== What is expected ==
Read the data below. Then repeat all of it exactly.

== Exercise materials ==
========================================

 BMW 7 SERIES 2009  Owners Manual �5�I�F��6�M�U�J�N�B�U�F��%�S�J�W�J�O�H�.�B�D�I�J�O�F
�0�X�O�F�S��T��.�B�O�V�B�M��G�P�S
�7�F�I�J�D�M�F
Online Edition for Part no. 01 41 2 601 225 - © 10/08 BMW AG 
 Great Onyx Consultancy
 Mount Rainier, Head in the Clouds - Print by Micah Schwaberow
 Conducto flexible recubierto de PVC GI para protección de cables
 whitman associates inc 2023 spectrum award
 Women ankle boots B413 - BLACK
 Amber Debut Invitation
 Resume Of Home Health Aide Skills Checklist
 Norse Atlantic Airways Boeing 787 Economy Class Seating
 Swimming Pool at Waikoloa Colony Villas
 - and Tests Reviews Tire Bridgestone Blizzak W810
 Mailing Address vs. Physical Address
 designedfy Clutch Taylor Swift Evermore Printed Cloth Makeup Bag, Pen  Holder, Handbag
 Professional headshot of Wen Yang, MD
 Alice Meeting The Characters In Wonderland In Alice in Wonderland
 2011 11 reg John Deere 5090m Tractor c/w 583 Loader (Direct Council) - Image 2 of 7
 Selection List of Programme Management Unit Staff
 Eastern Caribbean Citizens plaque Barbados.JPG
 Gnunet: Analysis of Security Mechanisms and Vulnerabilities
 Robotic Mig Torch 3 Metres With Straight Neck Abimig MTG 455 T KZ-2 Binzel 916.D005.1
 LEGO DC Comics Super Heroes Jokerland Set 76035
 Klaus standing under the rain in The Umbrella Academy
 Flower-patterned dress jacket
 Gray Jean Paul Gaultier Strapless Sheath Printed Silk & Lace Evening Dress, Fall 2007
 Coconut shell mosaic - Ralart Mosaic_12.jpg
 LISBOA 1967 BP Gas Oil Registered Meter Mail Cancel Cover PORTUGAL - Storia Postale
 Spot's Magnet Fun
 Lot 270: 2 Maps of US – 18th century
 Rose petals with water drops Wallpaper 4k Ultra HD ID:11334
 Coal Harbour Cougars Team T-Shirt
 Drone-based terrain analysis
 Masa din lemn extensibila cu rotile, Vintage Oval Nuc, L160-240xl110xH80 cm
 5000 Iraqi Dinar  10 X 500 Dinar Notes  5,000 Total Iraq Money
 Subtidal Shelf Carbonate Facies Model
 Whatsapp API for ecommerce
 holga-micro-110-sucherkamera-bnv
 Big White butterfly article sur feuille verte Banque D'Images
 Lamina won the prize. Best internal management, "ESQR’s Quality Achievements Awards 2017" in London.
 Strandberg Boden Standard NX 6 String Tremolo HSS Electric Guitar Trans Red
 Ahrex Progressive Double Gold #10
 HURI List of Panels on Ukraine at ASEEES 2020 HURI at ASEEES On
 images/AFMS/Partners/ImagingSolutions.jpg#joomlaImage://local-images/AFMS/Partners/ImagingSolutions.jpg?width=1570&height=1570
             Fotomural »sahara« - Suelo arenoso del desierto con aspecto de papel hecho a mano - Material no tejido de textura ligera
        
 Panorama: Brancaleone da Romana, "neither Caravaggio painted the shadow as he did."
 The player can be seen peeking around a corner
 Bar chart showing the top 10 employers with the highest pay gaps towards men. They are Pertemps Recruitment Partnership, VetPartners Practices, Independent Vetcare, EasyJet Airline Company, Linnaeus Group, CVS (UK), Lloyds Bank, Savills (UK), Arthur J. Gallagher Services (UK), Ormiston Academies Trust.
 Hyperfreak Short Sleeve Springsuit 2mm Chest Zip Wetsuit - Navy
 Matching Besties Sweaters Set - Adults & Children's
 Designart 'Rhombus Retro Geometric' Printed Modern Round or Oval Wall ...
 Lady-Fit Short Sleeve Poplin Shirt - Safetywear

========================================

== Output ==
 BMW 7 SERIES 2009  Owners Manual �5�I�F��6�M�U�J�N�B�U�F��%�S�J�W�J�O�H�.�B�D�I�J�O�F
�0�X�O�F�S��T��.�B�O�V�B�M��G�P�S
�7�F�I�J�D�M�F
Online Edition for Part no. 01 41 2 601 225 - © 10/08 BMW AG 
 Great Onyx Consultancy
 Mount Rainier, Head in the Clouds - Print by Micah Schwaberow
 Conducto flexible recubierto de PVC GI para protección de cables
 whitman associates inc 2023 spectrum award
 Women ankle boots B413 - BLACK
 Amber Debut Invitation
 Resume Of Home Health Aide Skills Checklist
 Norse Atlantic Airways Boeing 787 Economy Class Seating
 Swimming Pool at Waikoloa Colony Villas
 - and Tests Reviews Tire Bridgestone Blizzak W810
 Mailing Address vs. Physical Address
 designedfy Clutch Taylor Swift Evermore Printed Cloth Makeup Bag, Pen  Holder, Handbag
 Professional headshot of Wen Yang, MD
 Alice Meeting The Characters In Wonderland In Alice in Wonderland
 2011 11 reg John Deere 5090m Tractor c/w 583 Loader (Direct Council) - Image 2 of 7
 Selection List of Programme Management Unit Staff
 Eastern Caribbean Citizens plaque Barbados.JPG
 Gnunet: Analysis of Security Mechanisms and Vulnerabilities
 Robotic Mig Torch 3 Metres With Straight Neck Abimig MTG 455 T KZ-2 Binzel 916.D005.1
 LEGO DC Comics Super Heroes Jokerland Set 76035
 Klaus standing under the rain in The Umbrella Academy
 Flower-patterned dress jacket
 Gray Jean Paul Gaultier Strapless Sheath Printed Silk & Lace Evening Dress, Fall 2007
 Coconut shell mosaic - Ralart Mosaic_12.jpg
 LISBOA 1967 BP Gas Oil Registered Meter Mail Cancel Cover PORTUGAL - Storia Postale
 Spot's Magnet Fun
 Lot 270: 2 Maps of US – 18th century
 Rose petals with water drops Wallpaper 4k Ultra HD ID:11334
 Coal Harbour Cougars Team T-Shirt
 Drone-based terrain analysis
 Masa din lemn extensibila cu rotile, Vintage Oval Nuc, L160-240xl110xH80 cm
 5000 Iraqi Dinar  10 X 500 Dinar Notes  5,000 Total Iraq Money
 Subtidal Shelf Carbonate Facies Model
 Whatsapp API for ecommerce
 holga-micro-110-sucherkamera-bnv
 Big White butterfly article sur feuille verte Banque D'Images
 Lamina won the prize. Best internal management, "ESQR’s Quality Achievements Awards 2017" in London.
 Strandberg Boden Standard NX 6 String Tremolo HSS Electric Guitar Trans Red
 Ahrex Progressive Double Gold #10
 HURI List of Panels on Ukraine at ASEEES 2020 HURI at ASEEES On
 images/AFMS/Partners/ImagingSolutions.jpg#joomlaImage://local-images/AFMS/Partners/ImagingSolutions.jpg?width=1570&height=1570
             Fotomural »sahara« - Suelo arenoso del desierto con aspecto de papel hecho a mano - Material no tejido de textura ligera
        
 Panorama: Brancaleone da Romana, "neither Caravaggio painted the shadow as he did."
 The player can be seen peeking around a corner
 Bar chart showing the top 10 employers with the highest pay gaps towards men. They are Pertemps Recruitment Partnership, VetPartners Practices, Independent Vetcare, EasyJet Airline Company, Linnaeus Group, CVS (UK), Lloyds Bank, Savills (UK), Arthur J. Gallagher Services (UK), Ormiston Academies Trust.
 Hyperfreak Short Sleeve Springsuit 2mm Chest Zip Wetsuit - Navy
 Matching Besties Sweaters Set - Adults & Children's
 Designart 'Rhombus Retro Geometric' Printed Modern Round or Oval Wall ...
 Lady-Fit Short Sleeve Poplin Shirt - Safetywear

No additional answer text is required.